Vivian came home before Jeopardy ended, trailed by the scent of ammonia. She sewed at the kitchen table, piecemeal orders from a factory, but lately she had also been cleaning apartments in Riverdale.
“Polly’s not here? No one’s made dinner?”
“We had ham,” Michael said.
“That’s not dinner. Deming, your mother was supposed to get food on the way home.”
“She’s at work,” Deming said.
Vivian opened the refrigerator and shut it. “Fine. I’m taking a shower.”
When Leon returned it was eight o’clock. “Your mother’s supposed to be home already. Guess that new boss made her stay late.” He bought frozen pizzas for dinner, and the sausage balls resembled boils but were oily and delicious. Deming ate three slices. Mama never got bodega pizza.
Leon’s cell phone rang. He took the call in the hallway, and Deming put away the dishes and waited for him to return. “Was that Mama? Can I talk to her?”
“It was her friend Didi.” Leon squeezed his phone in his hand like he was wringing a wet towel.

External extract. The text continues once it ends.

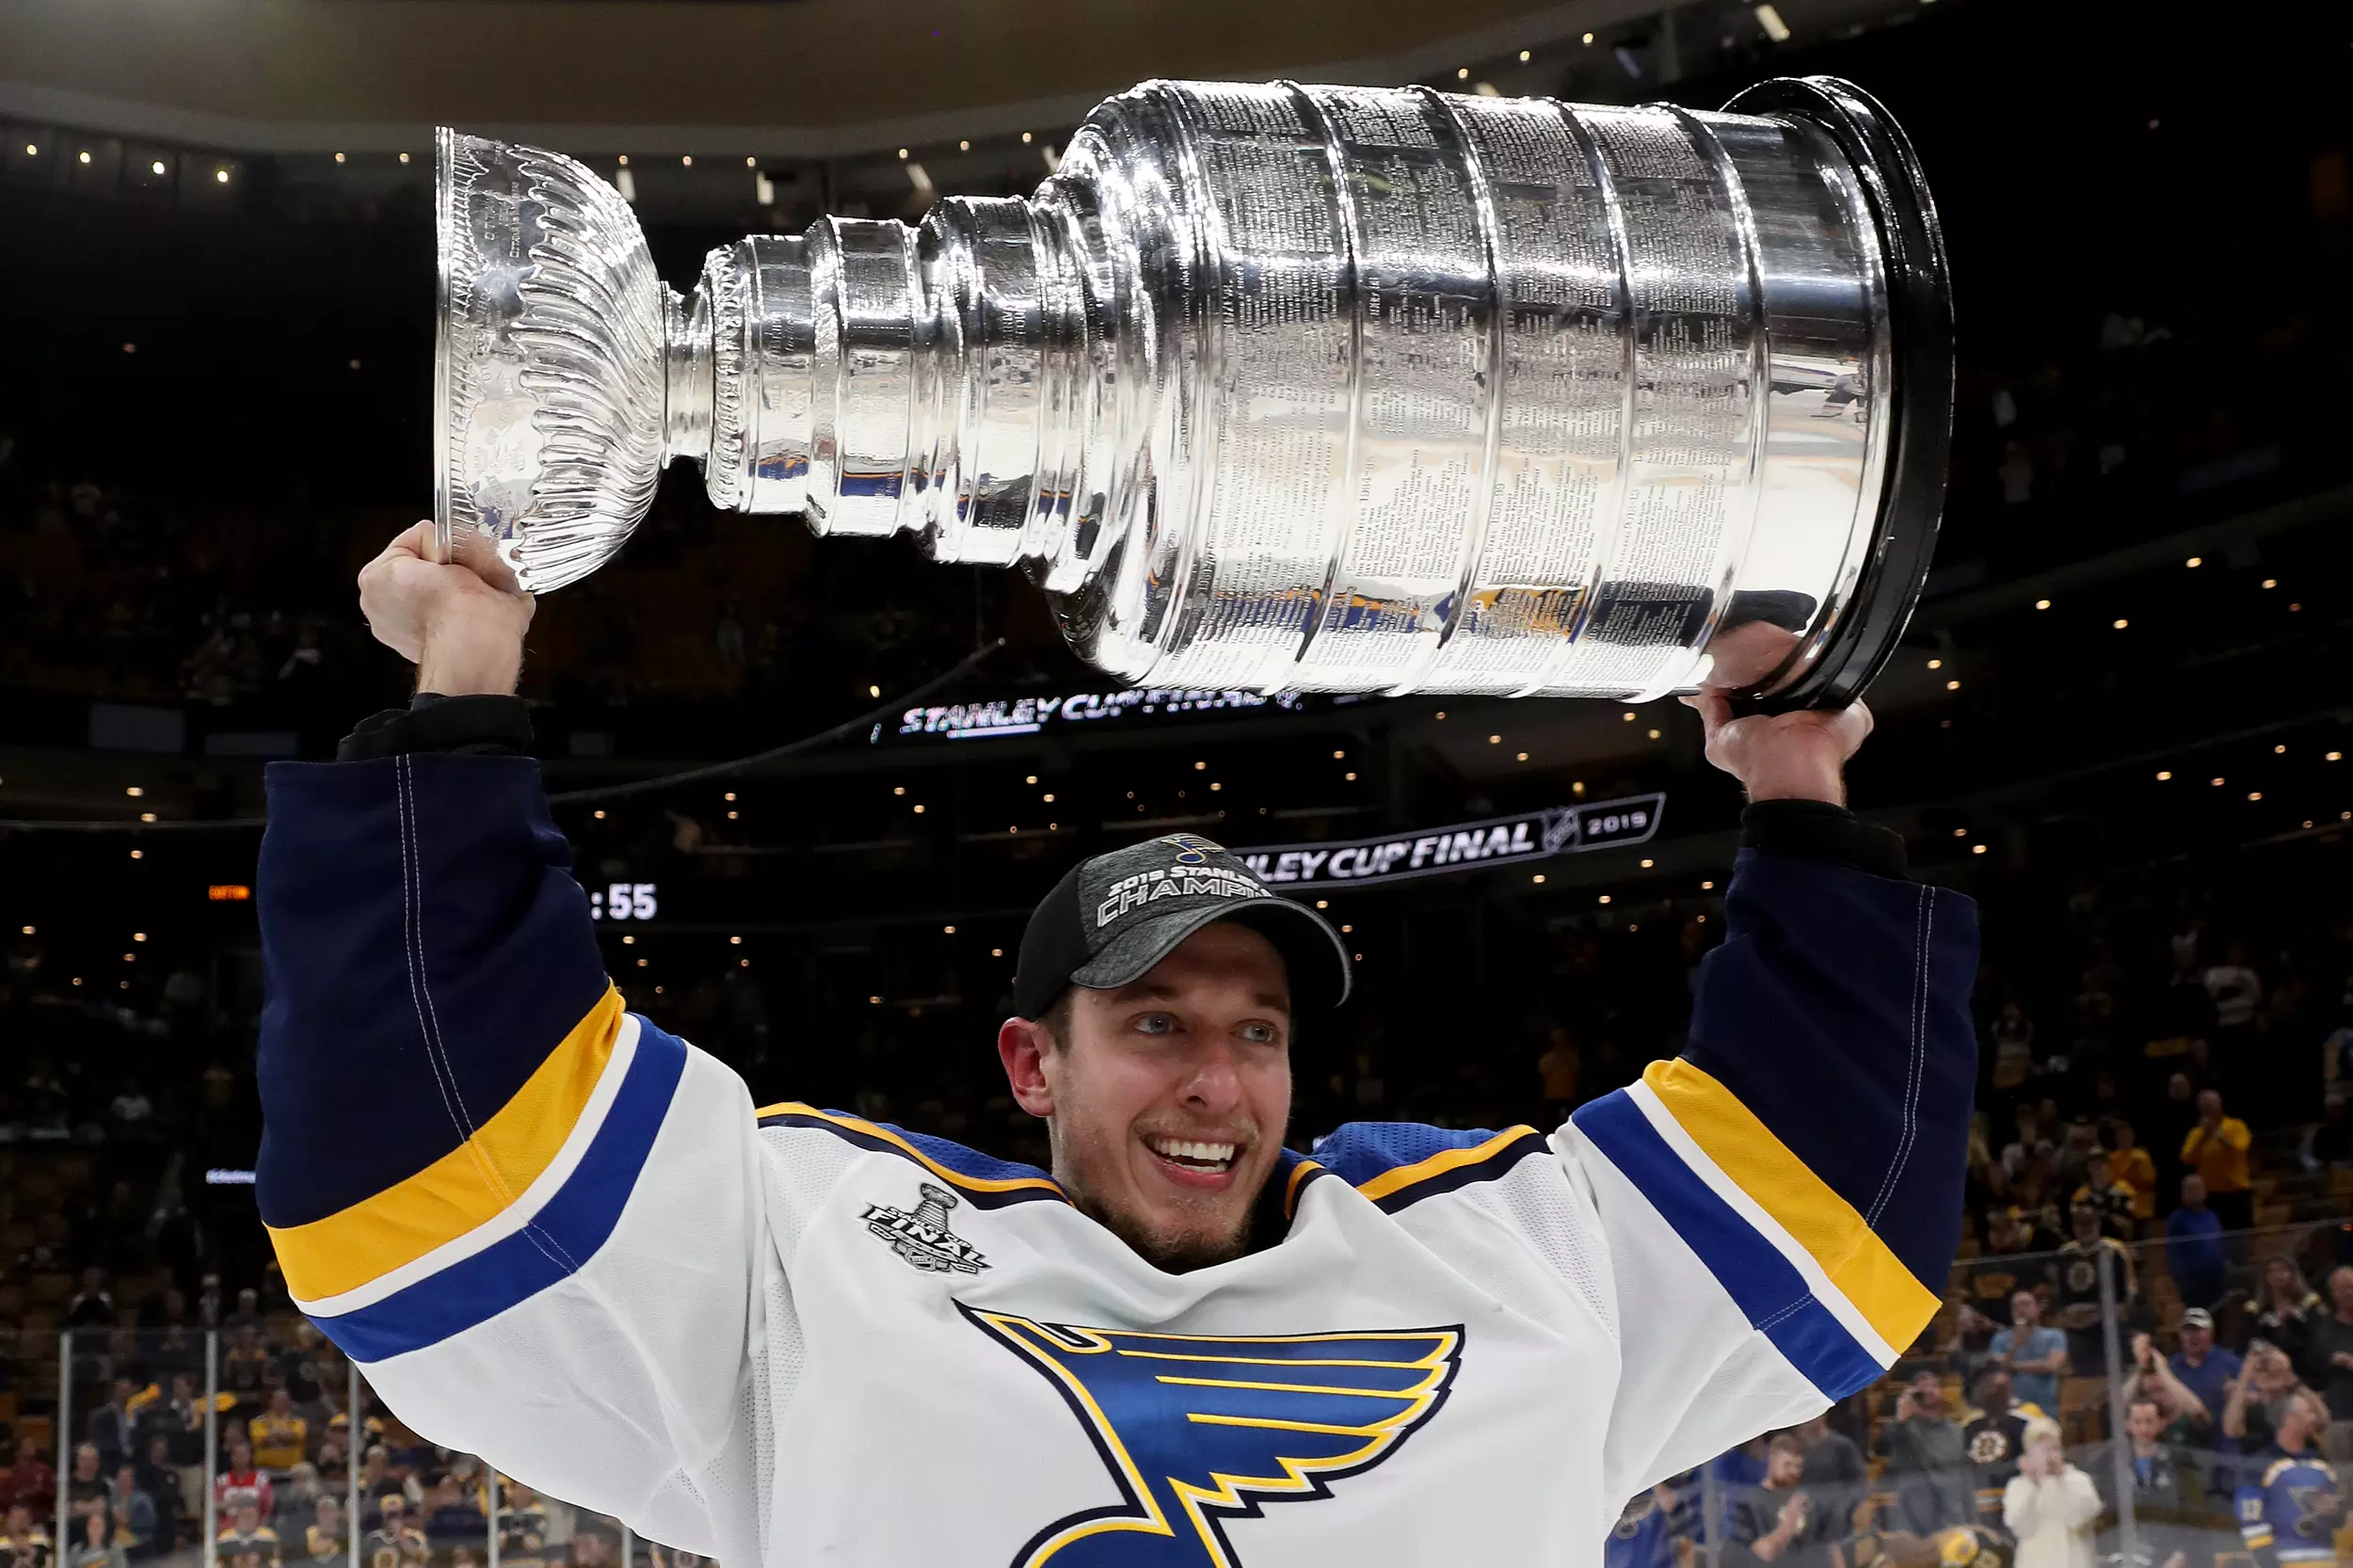 Second Year In A Row, A Former K-Wing Hoists The Stanley Cup

“Where’s Mama? Are we going to Florida?”
“Away for a few days. Visiting friends.”
“What friends?”
“You don’t know them.”
“Where do they live?”
“It’s late. You should get to sleep.”
Michael was sitting on their bed. “Where’s your mom?” With his glasses off he looked older and thinner, his stare wide, unfocused.
“Leon says she’s away for a few days.” As Deming got under the blankets he couldn’t shake the feeling that something wasn’t right.
A WEEK PASSED AND he went to school once. When his mother and Leon had gone to Atlantic City for a night, she had called and reminded him to go to sleep on time, but now he stayed up late, ate M&M’s for breakfast, played hooky with his friend Hung, whose father had died the month before. They watched DVDs in Hung’s apartment on Valentine Avenue for so long they fell asleep and woke up and fell asleep again, cranking the volume until the car chases and gunfire soothed the cold horror skittering inside him. Where was Mama? She had no friends to visit. There was nobody to lie to for the following day’s detention, to hound him about having a plan. Vivian never checked homework; Michael always did his.